Your goal -
What the task requires is an exact printout of the listing below, pictures excluded.

Collected material -
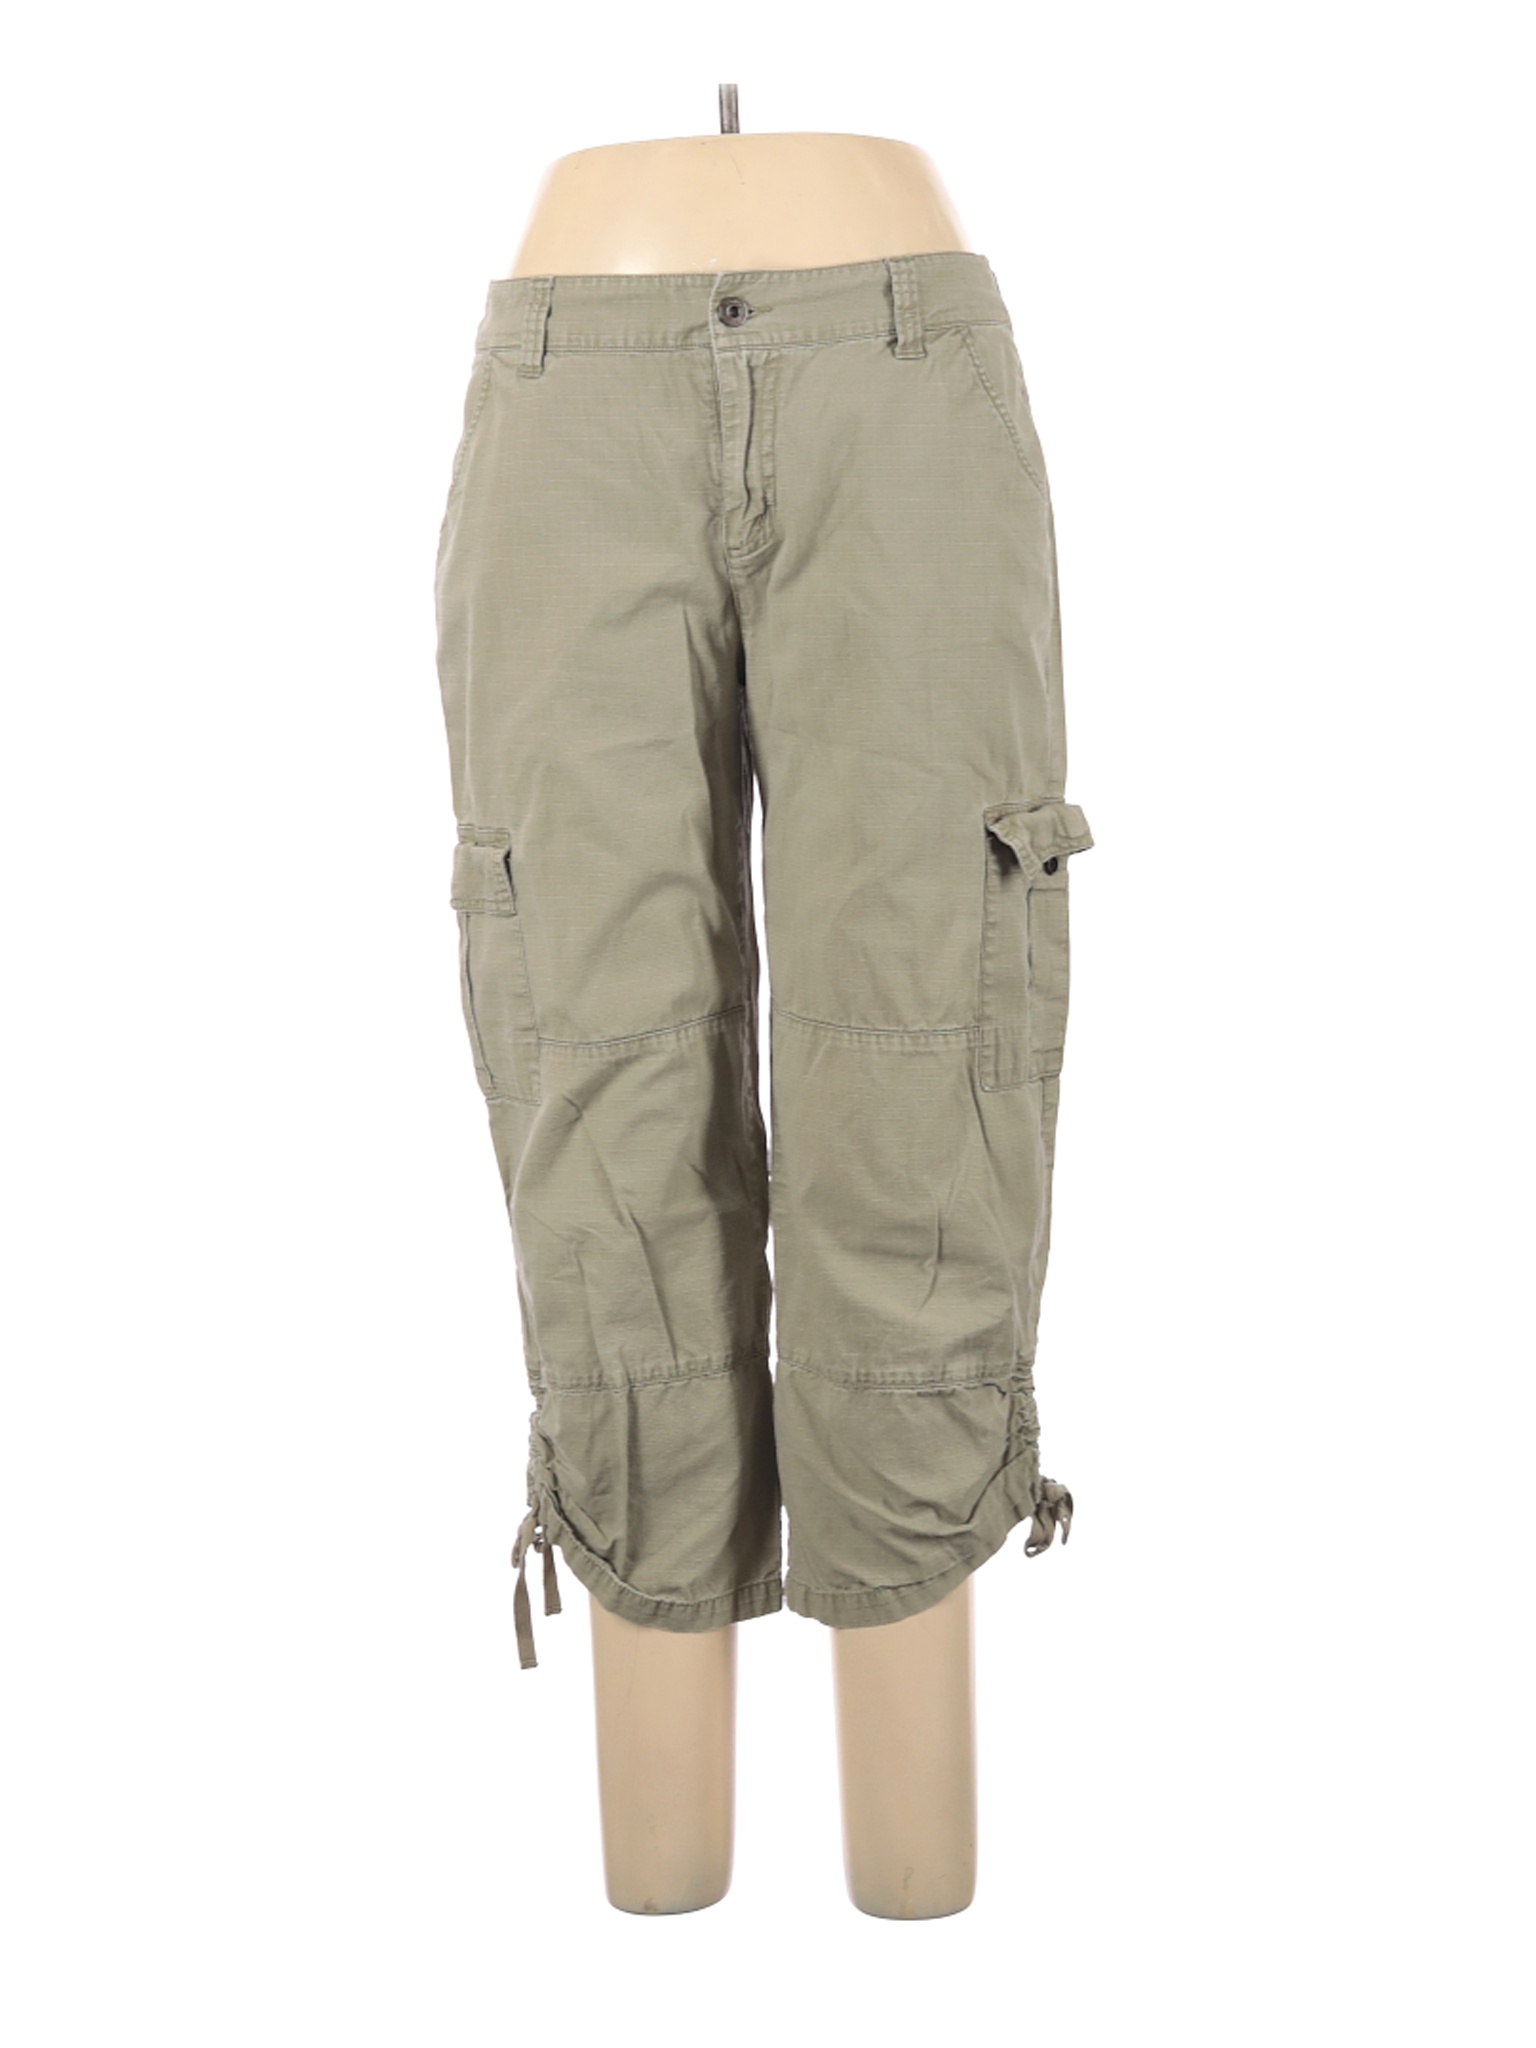 SONOMA life + style Women Green Cargo Pants 12 | eBay
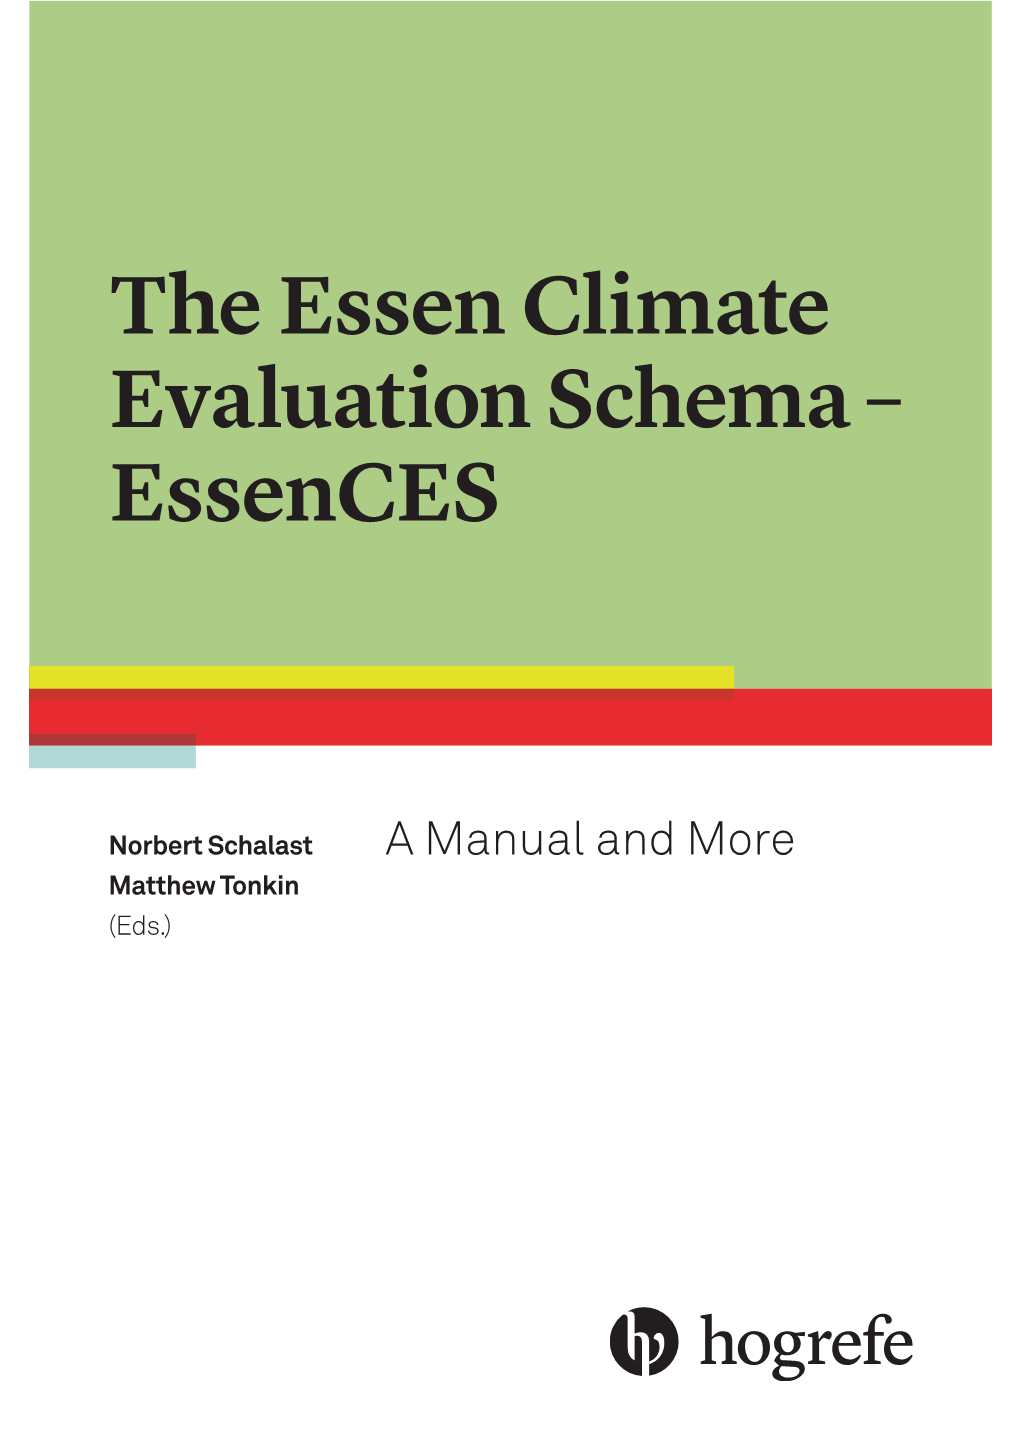 The Essen Climate Evaluation Schema – Essences the Essen Climate Evaluation Schema Essences Norbert Schalast a Manual and More Matthew Tonkin (Eds.) Essences
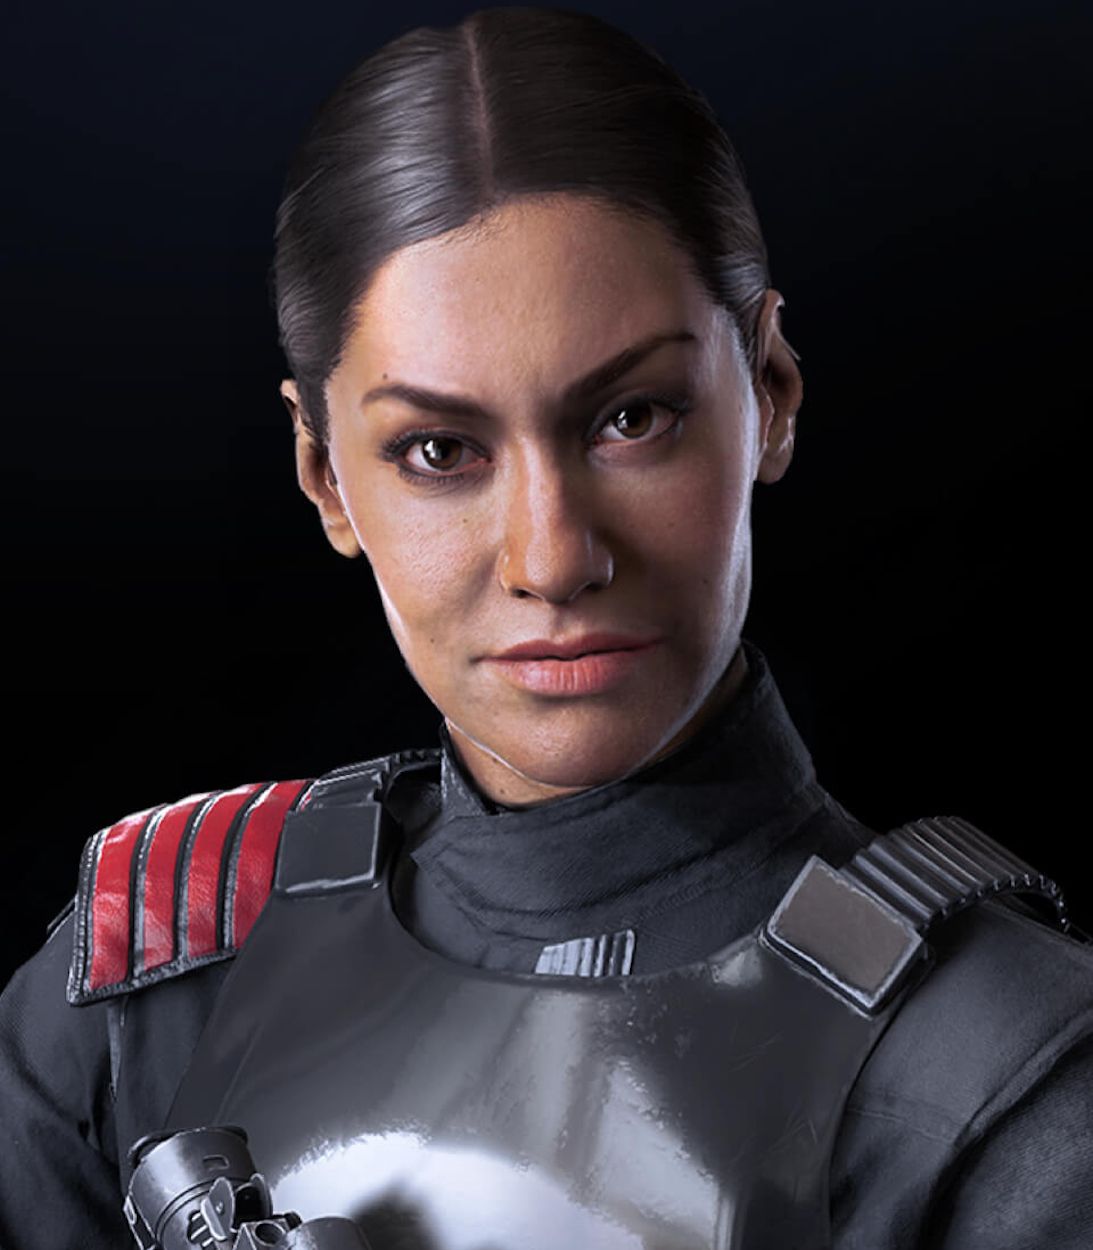 Janina Gavankar as Iden Versio in Star Wars Battlefront II Vertical
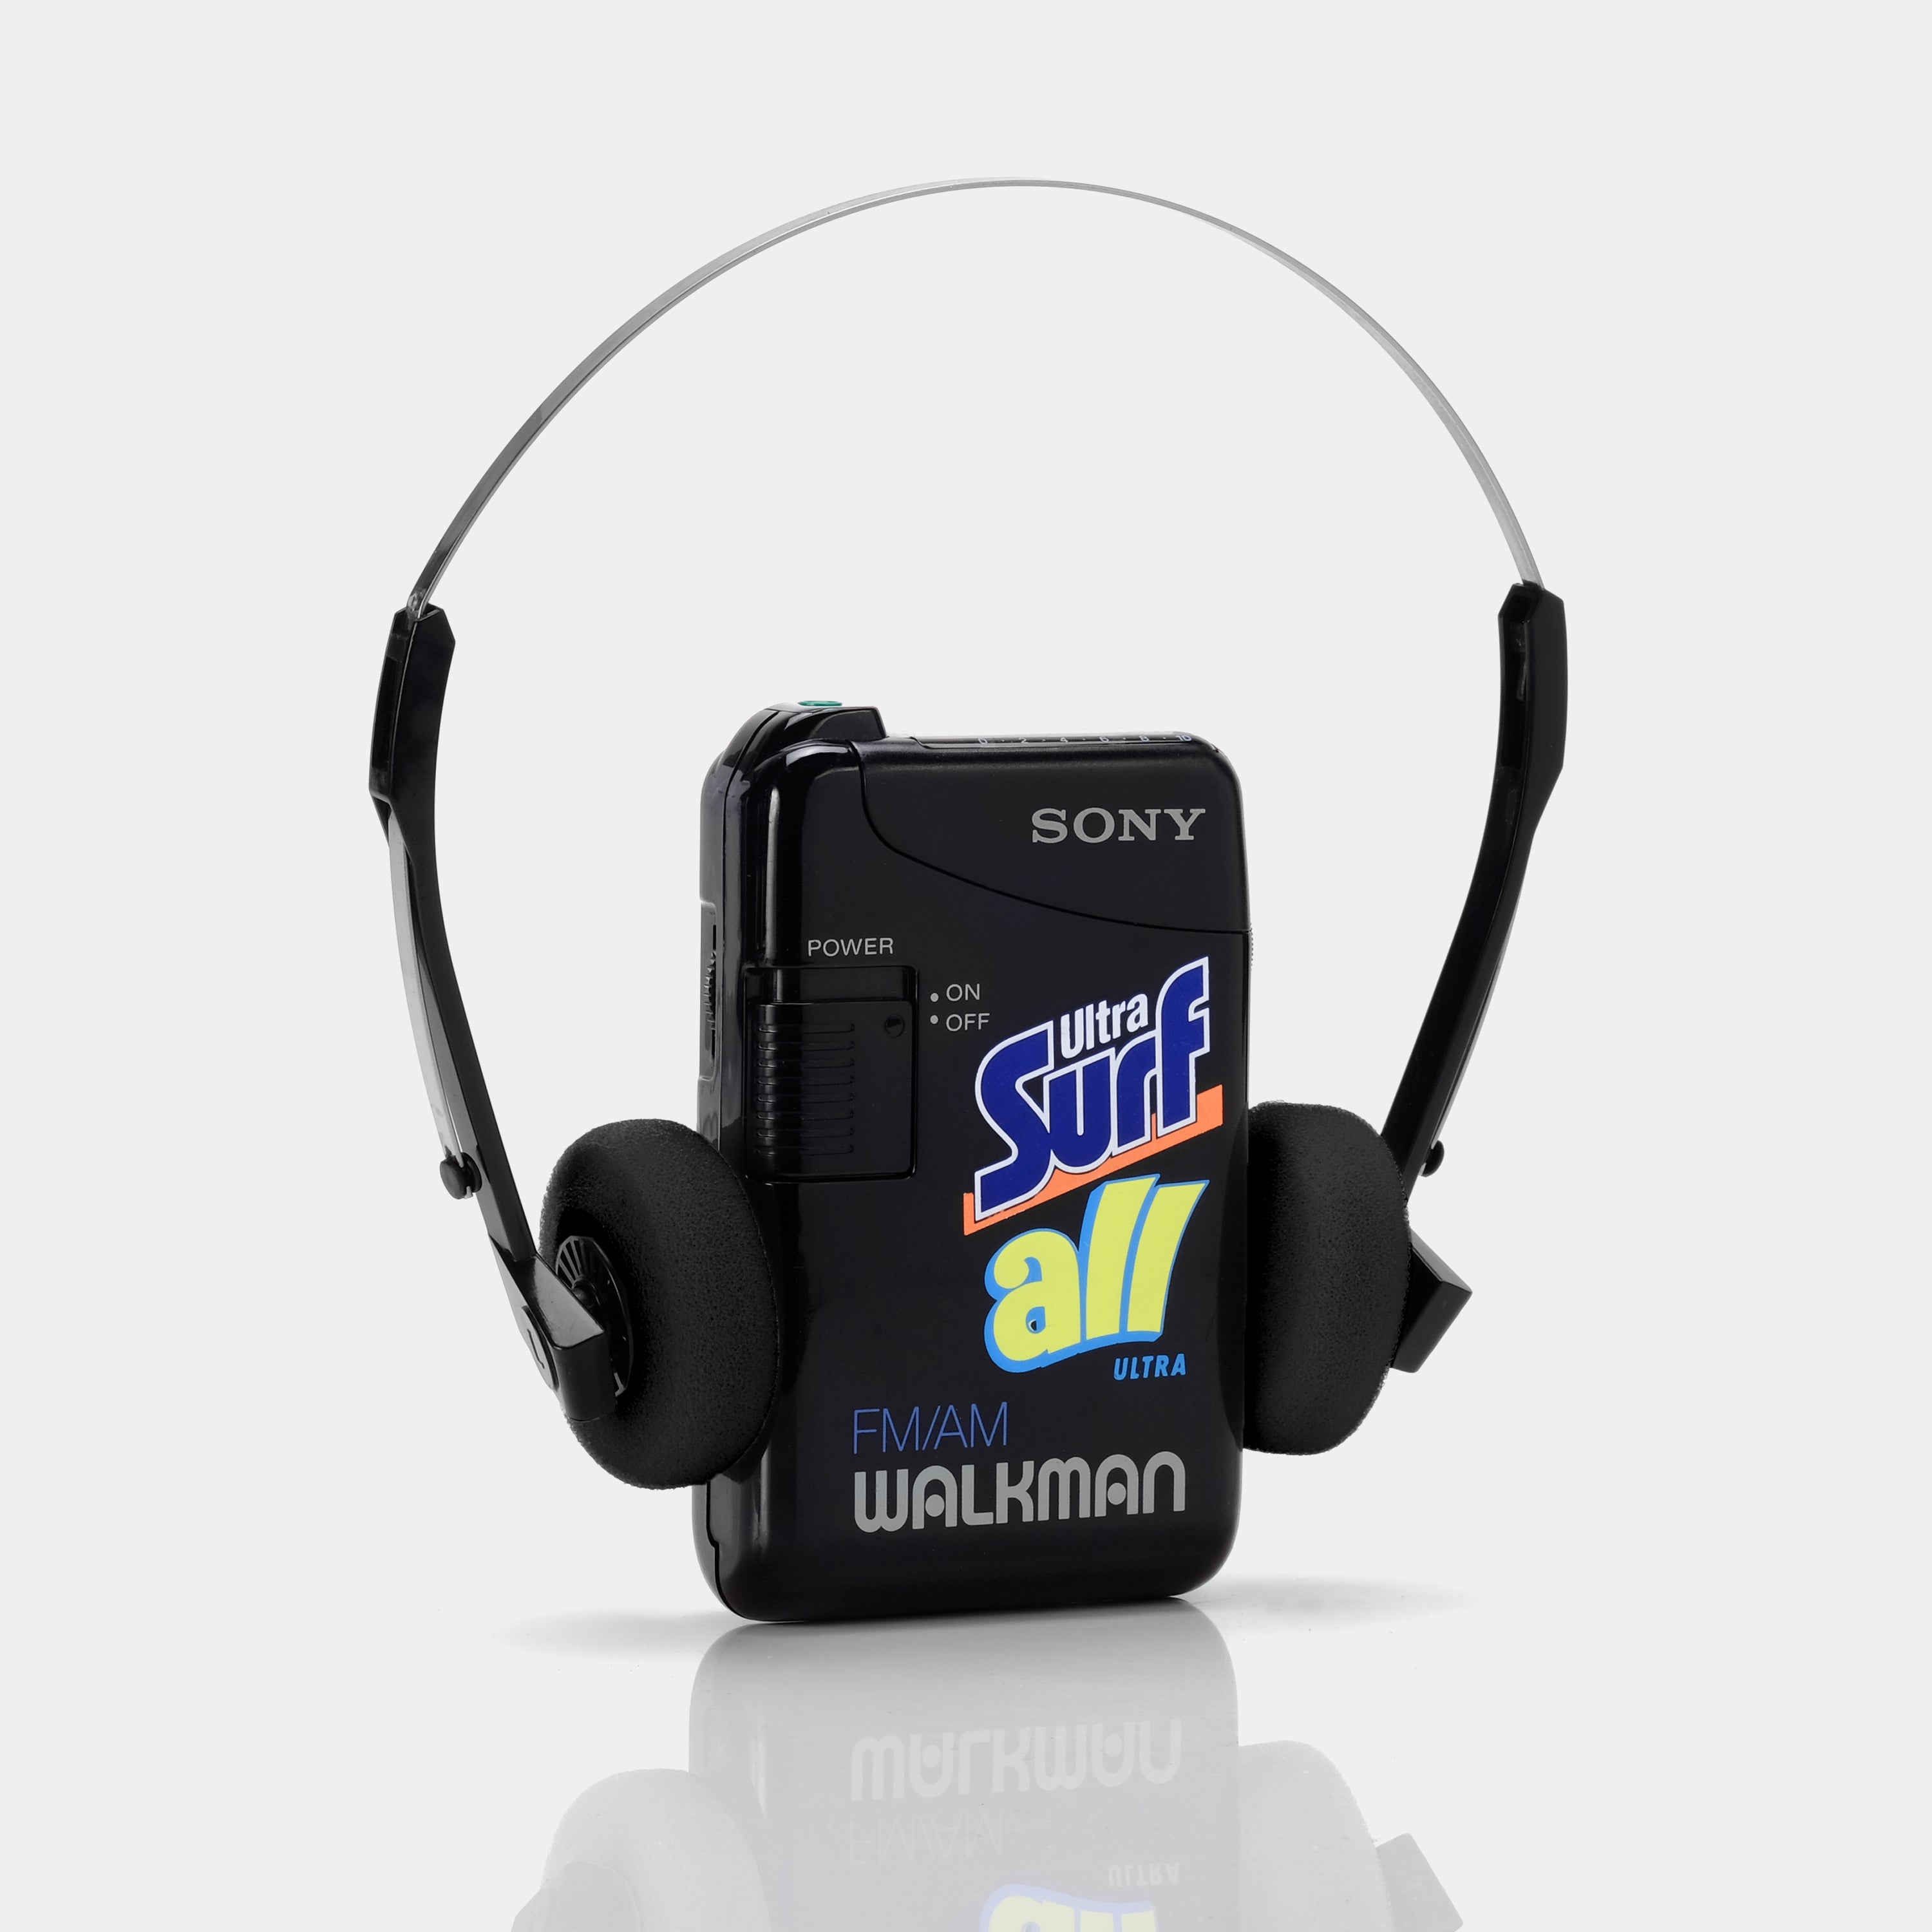 Sony Walkman SRF-29 FM Portable Radio

Response below -
 SONOMA life + style Women Green Cargo Pants 12 | eBay
 The Essen Climate Evaluation Schema – Essences the Essen Climate Evaluation Schema Essences Norbert Schalast a Manual and More Matthew Tonkin (Eds.) Essences
 Janina Gavankar as Iden Versio in Star Wars Battlefront II Vertical
 Sony Walkman SRF-29 FM Portable Radio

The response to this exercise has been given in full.